A further possible embodiment of the method provides that a camera fixed to the robot arm is used as the camera. In other words, the robot system, in particular its detection device, has the camera, which is fixed to the robot arm. It can be provided that the camera is attached to the end link or at least close to the end link of the robot arm, so that it is advantageously possible to move the camera particularly close to the coordinate system marker, which enables a particularly reliable detection of the processing coordinate system.

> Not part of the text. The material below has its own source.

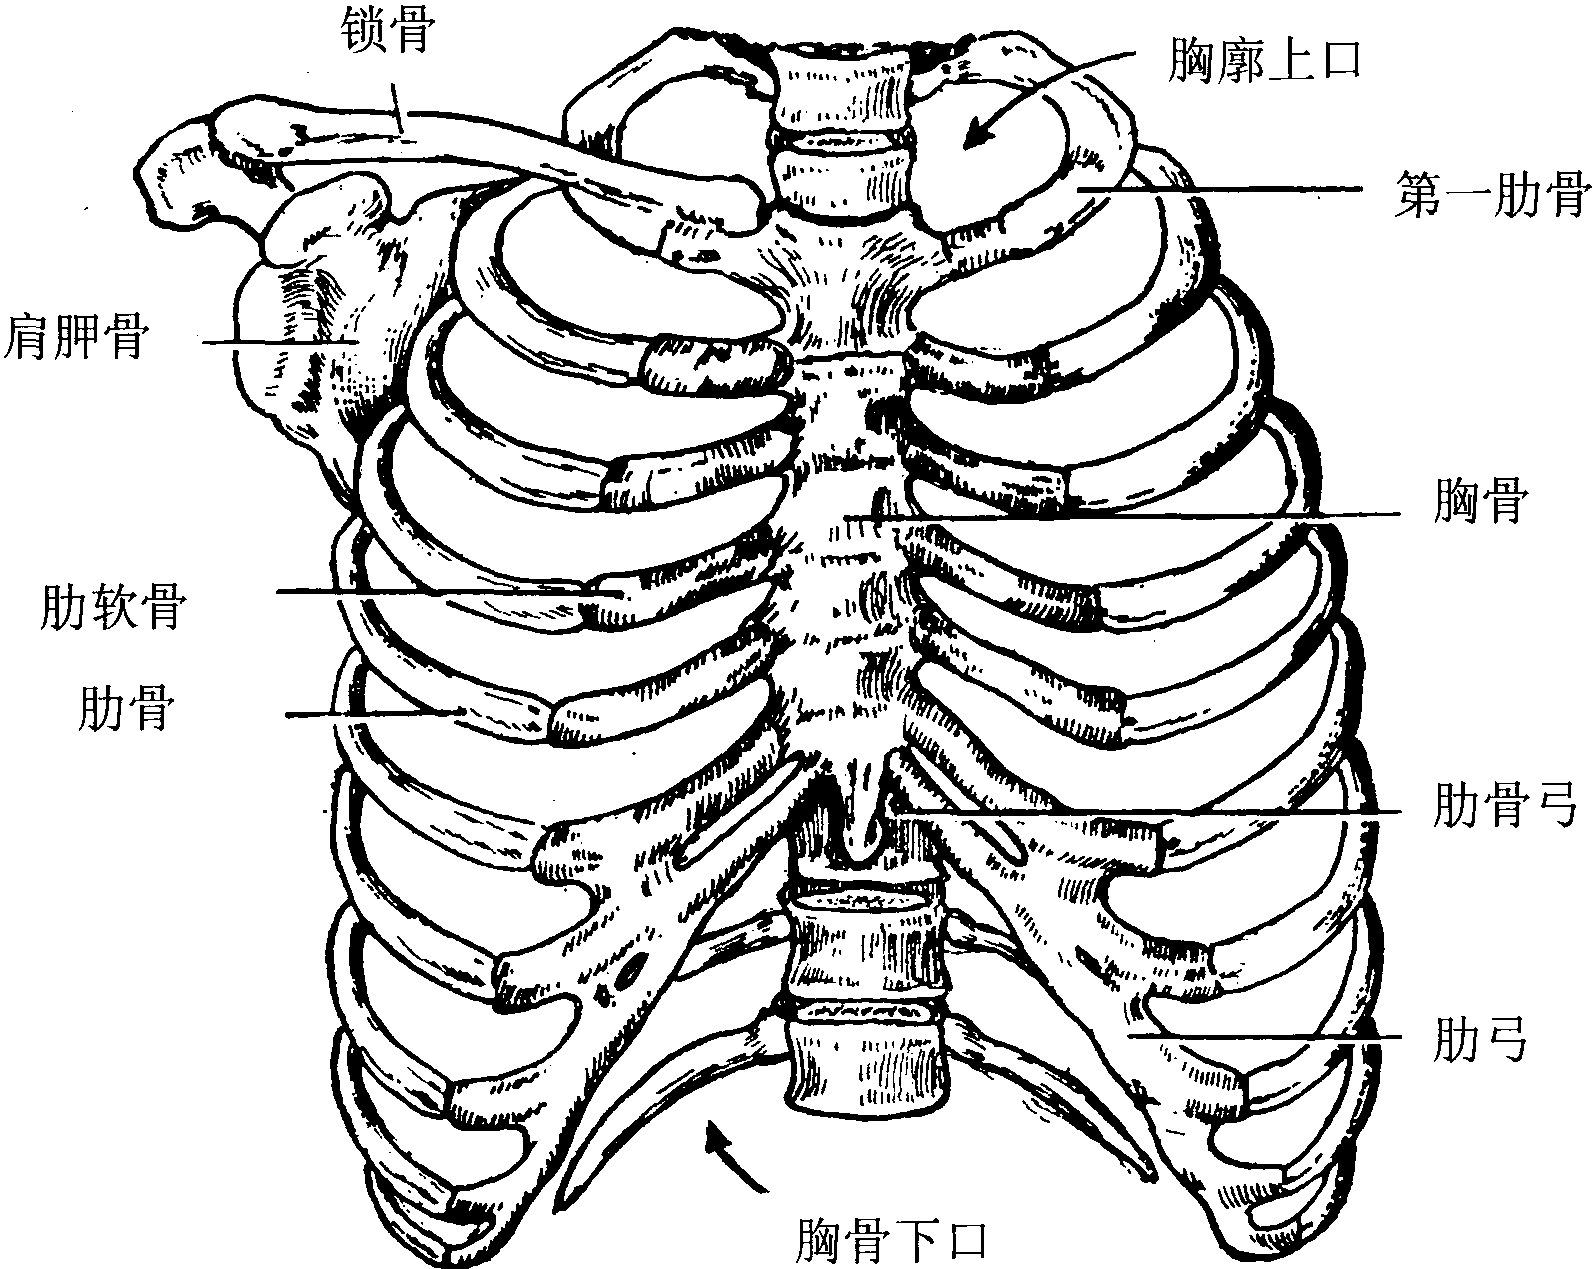 胸廓是由肋骨,胸骨,锁骨,胸椎,肩胛骨共同围绕组成

In an alternative embodiment, it can be provided that the camera is arranged away from the robot arm, for example by means of a tripod or a similar camera mount that is designed separately from the robot arm. In any case - as already explained - the position of the camera in the robot coordinate system is known. By using the camera fixed to the robot arm, the robot system can be designed to be particularly compact, as a result of which the robot system can be used in a particularly versatile and flexible manner. Furthermore, incorrect positioning of the camera is avoided.

According to a further possible embodiment of the method, the coordinate system marker is provided as a printed product. For example, the respective coordinate system marker is a magnetic sign, a sticker, a printed sheet of paper, etc. It is also conceivable that the respective coordinate system marker is printed, stamped, transfer-rolled, stencil-painted, lasered, etc. directly onto an outer surface of the workpiece makes it possible in a particularly simple and/or particularly inexpensive manner to provide or produce a large number of different marker variants as required or appropriate to the situation. As a result, the idea of a particularly versatile and flexible robot system is taken into account to a particular extent. This is because the robot system can be adapted particularly efficiently to other workpieces, other processing elements (such as bores, welds, etc.). Furthermore, the method is ecologically particularly favorable in that the coordinate system marker or the printed product is used several times in order to process more than just a single workpiece using the robot system or using the method.

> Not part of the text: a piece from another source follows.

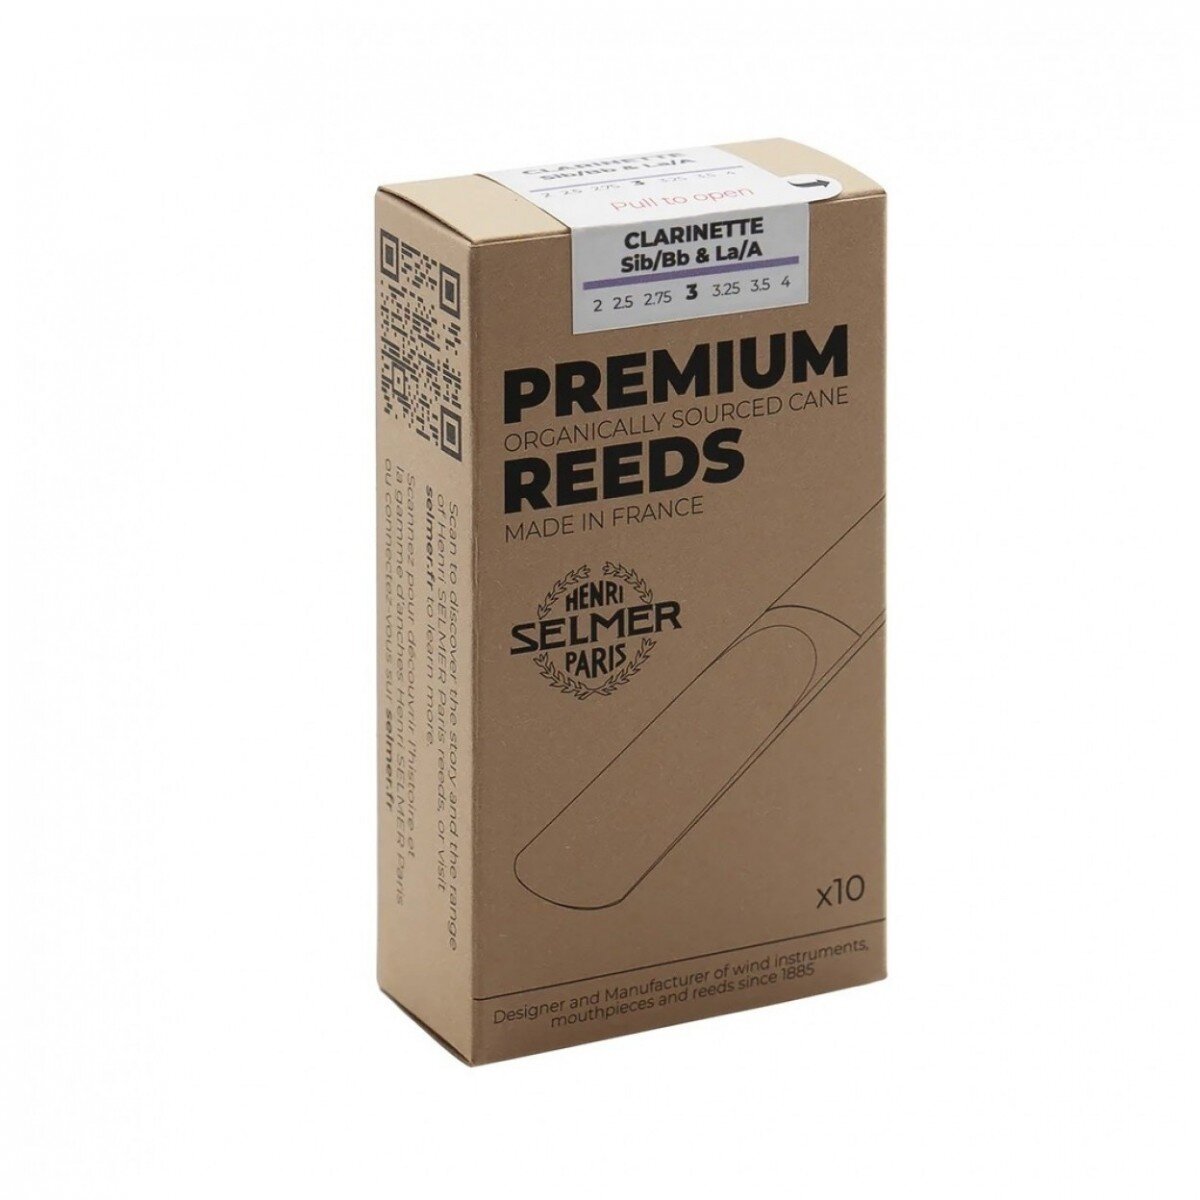 Selmer Clarinet Premium 3 : photo 1

A further development of the method provides for the coordinate system marker to be attached to the workpiece in a collaboration area of the robot system. In this case, the respective coordinate system marker is attached to the workpiece, for example, by means of a human worker or by means of a further robot. In particular in interaction with a human worker, the coordinate system markers can thus be placed particularly efficiently at a desired point on the workpiece, as a result of which the robot system or the method can be used in an even more versatile or flexible way.

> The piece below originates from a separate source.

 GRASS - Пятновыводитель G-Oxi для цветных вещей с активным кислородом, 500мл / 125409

According to a further possible embodiment of the method, the coordinate system marker has an additional data carrier which characterizes a process parameter for machining the workpiece. For the method, it is therefore the case that the coordinate system marker is formed with the additional data carrier and attached to the workpiece. By forming the coordinate system marker, the supplemental volume is formed. The additional data record is then recorded by means of the recording device of the robot system and made available to the control unit. This means that the (respective) process parameter that is stored by means of the additional data carrier is made available to the control unit in data form. In this configuration at least, the robot system, in particular its detection device, has the camera and at least one further detection unit, namely a data detection unit, which is designed—i.e. configured and arranged—to detect the additional data set and make it available to the control unit. It is then further provided that the distal end element is controlled by means of the control unit using the additional data set. Consequently, in this embodiment, the distal end element is controlled using the machining coordinate system and using the additional data set. The additional data carrier can characterize more than one process parameter, the respective process parameter being, for example, a drilling depth, a drilling speed, a drilling angle, a feed rate, etc. It is to be understood that although drilling by means of the robotic system is primarily discussed herein, other process parameters are conceivable, particularly when a tool other than the drilling tool is attached to the end member. If, for example, a threaded bolt is to be screwed into the workpiece using the robot system, the respective process parameter can be a screwing torque, a screwing depth, etc. It is also conceivable that at least one of the process parameters characterizes a position of the processing coordinate system in relation to the coordinate system marker. At least some of these Process parameters are specified or determined by the tool of the robot system used on the end link.

The respective additional data carrier can be an optical and/or electronic data carrier, for example a barcode, a QR code, an RFID data carrier, a Bluetooth data carrier, an NFC data carrier, etc Additional data record and the data record characterizing the machining coordinate system are formed separately from one another. The recording device, in particular its data recording unit, can therefore be coupled wirelessly to the additional data carrier in order to record the additional data record.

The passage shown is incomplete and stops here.